A privatized
Philadelphia Gas Works would pay very little city tax compared with the $18
million fee the utility now generates annually for the treasury, but Nutter
administration officials say its sale could yield far bigger long-term benefits
for city taxpayers.
City Budget
Director Rebecca Rhynhart acknowledged Thursday that the municipal utility, if
sold to a private buyer, would generate a "minimal amount of tax
revenue" for the city - less than $300,000 a year.
But Rhynhart said
proceeds from the sale, if used to pay down the city's underfunded pension
liability, could reduce the annual pension obligation by much more than the
utility now generates in income. "That expenditure reduction far outweighs
the loss of $18 million in annual revenue," she said.
In recent days,
Nutter administration officials and their financial adviser, Lazard Freres
& Co., have presented an updated cost-benefit analysis of a PGW sale to
political and business leaders as part of an effort to build support for a
sale.
Lazard now says
the utility could fetch as much as $1.9 billion, up $50 million from its
estimate in early 2012. In a low-interest-rate climate, utilities such as PGW
are fetching premium prices, said Frank Setian, a Lazard senior banker.
"This is one
of the best windows one could imagine to privatize an asset like PGW," he
said.
After paying off
liabilities, the city could achieve a net benefit ranging from $278 million to
$765 million from a sale, Lazard said. In 2012, Lazard estimated that the city
could net as much as $496 million.
The city's release
of its new cost-benefit analysis comes as prospective buyers are preparing
their initial bids for PGW, the largest municipal gas utility in the country.

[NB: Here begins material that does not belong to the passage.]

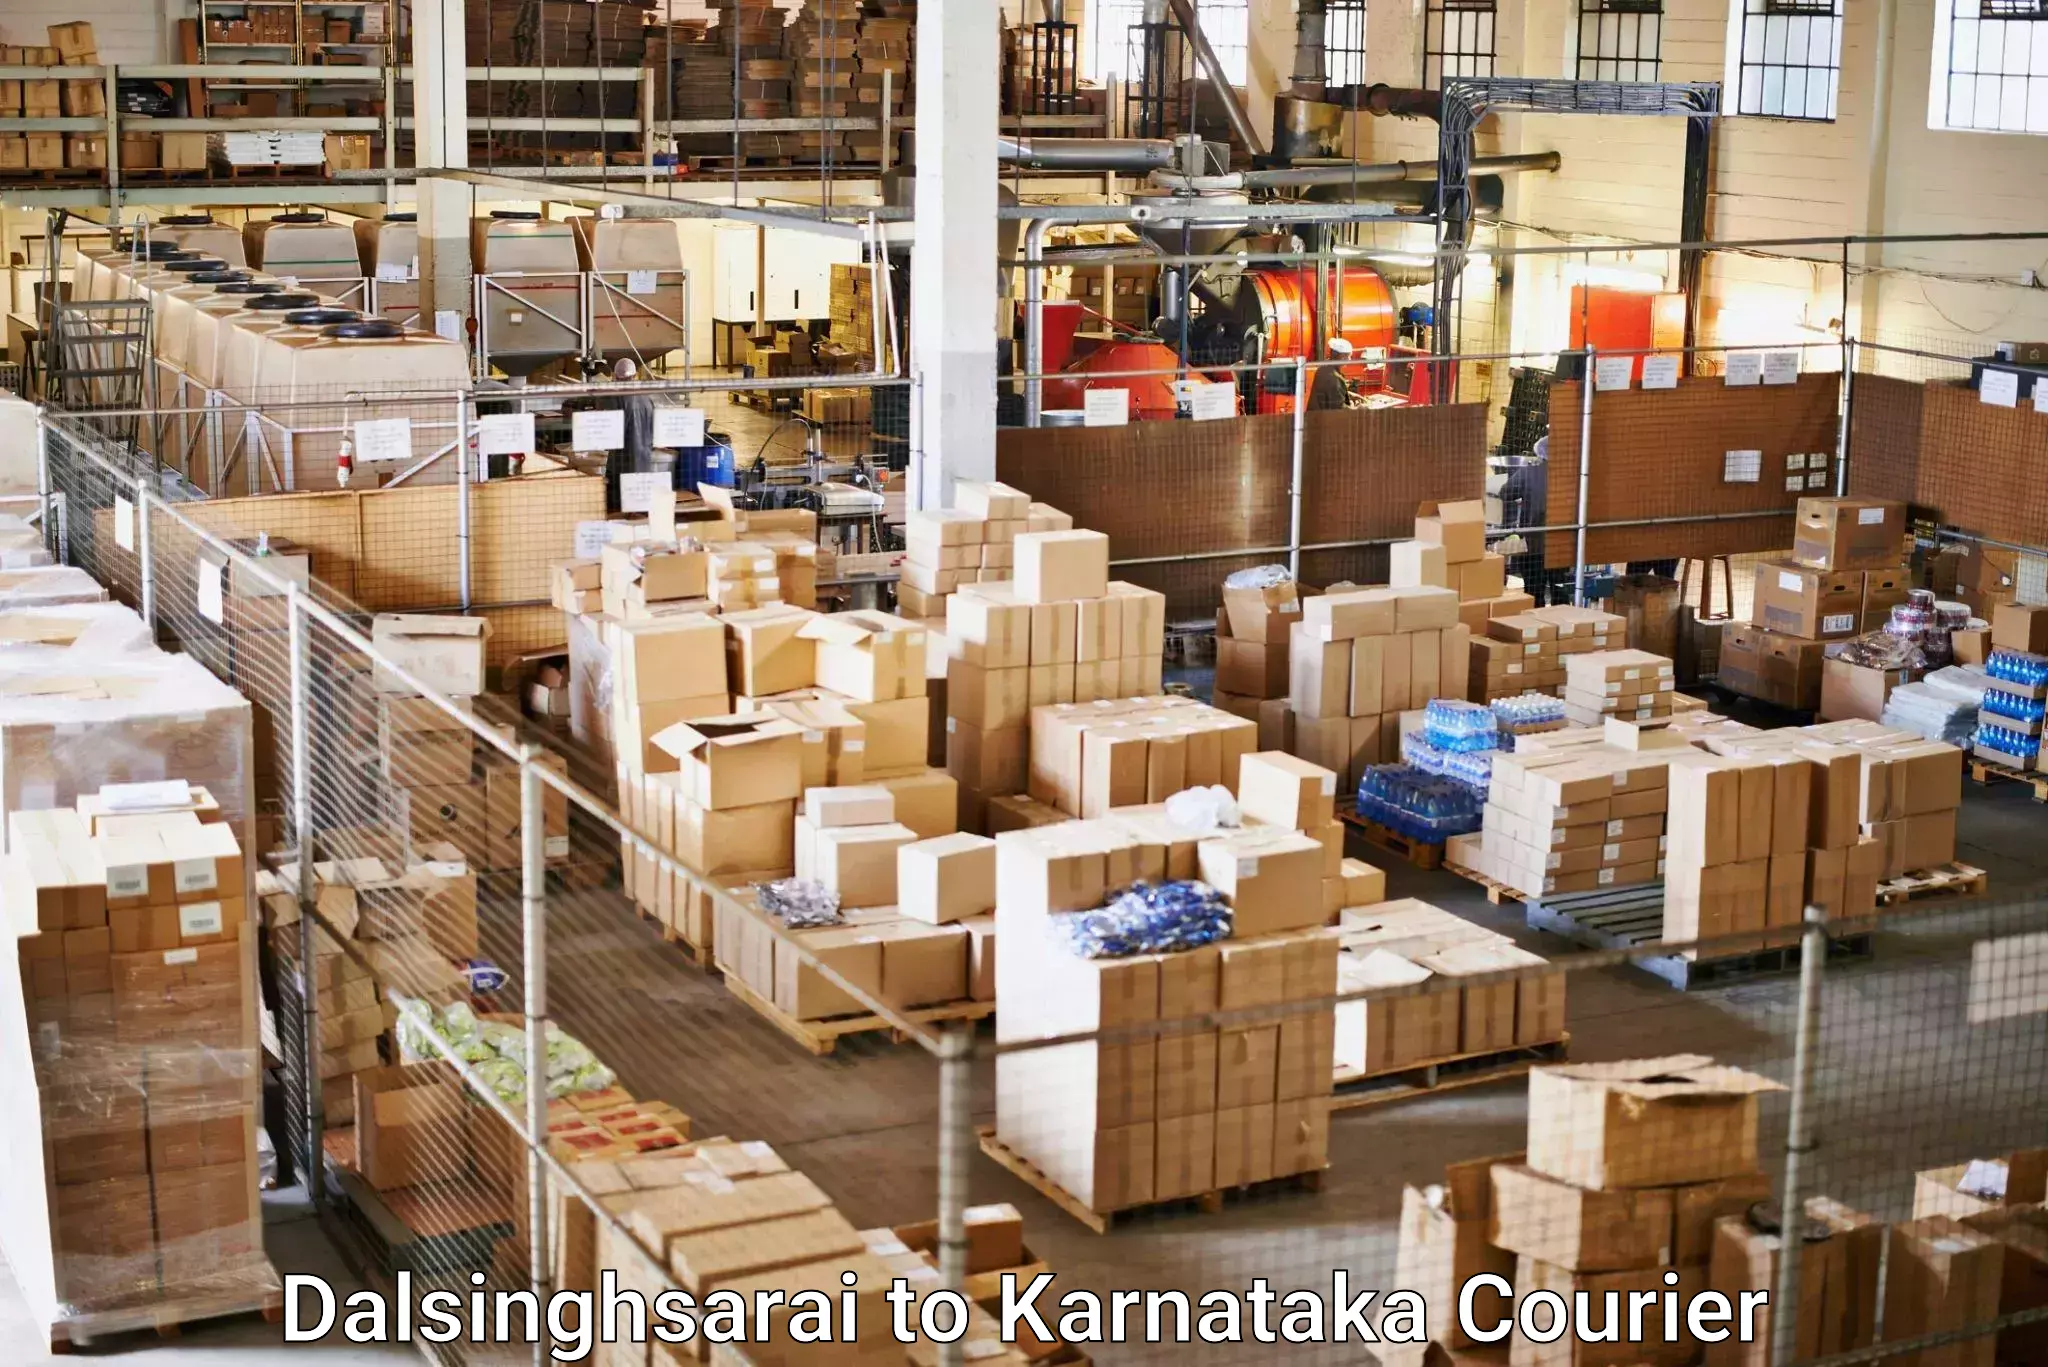 Reliable parcel services in Dalsinghsarai to Athani

The first round of bids is due Nov. 1.
A second and final
round of bidding, being managed by JPMorgan and Loop Capital Markets, is
expected to be completed in January.
The transaction
will require approval from City Council and the Pennsylvania Public Utility
Commission, which could take up to a year.
The sale is
opposed by PGW's union, and is regarded skeptically by some Council members and
the city's public advocate, Community Legal Services.
Mayor Nutter and
his deputies have stepped up efforts to sell the sale to civic leaders, to
stave off criticism about the loss of the $18 million fee.
According to new
estimates, a private PGW would pay only $278,000 a year to the city, mostly in
property tax, which it now does not pay. But the sale could generate a deposit
to the pension plan ranging from $272 million to $622 million after setting
aside money for contingencies, according to the city's analysis.
That one-time
infusion to the pension fund would yield an ongoing benefit by reducing the
city's annual minimum payment obligation by $27 million in 2016, and as much as
$72 million in 2016, under the most optimistic sale scenario.
Philadelphia
officials suggest that the reduced pension obligation would allow the city to
pay more into the pension fund, accelerating its return to financial health.
The fund has more than 64,000 members, including 26,000 current city employees.
"It enables
us to accelerate the help to the pension fund without increasing taxes or
decreasing services," said Suzanne Biemiller, the mayor's first deputy
chief of staff. "It's a way to get us into a better condition
faster."
The city's pension
fund is valued at about $4.7 billion, less than half the assets actuaries say
it needs to meet its obligations.
Though the city would
lose out on the annual fee, other taxing agencies would reap new revenue from a
private utility.
The Philadelphia
School District would collect $675,000 a year in property tax and
use-and-occupancy tax, for example. A private PGW also would pay corporate
income tax to Pennsylvania and the federal government that it does not pay now.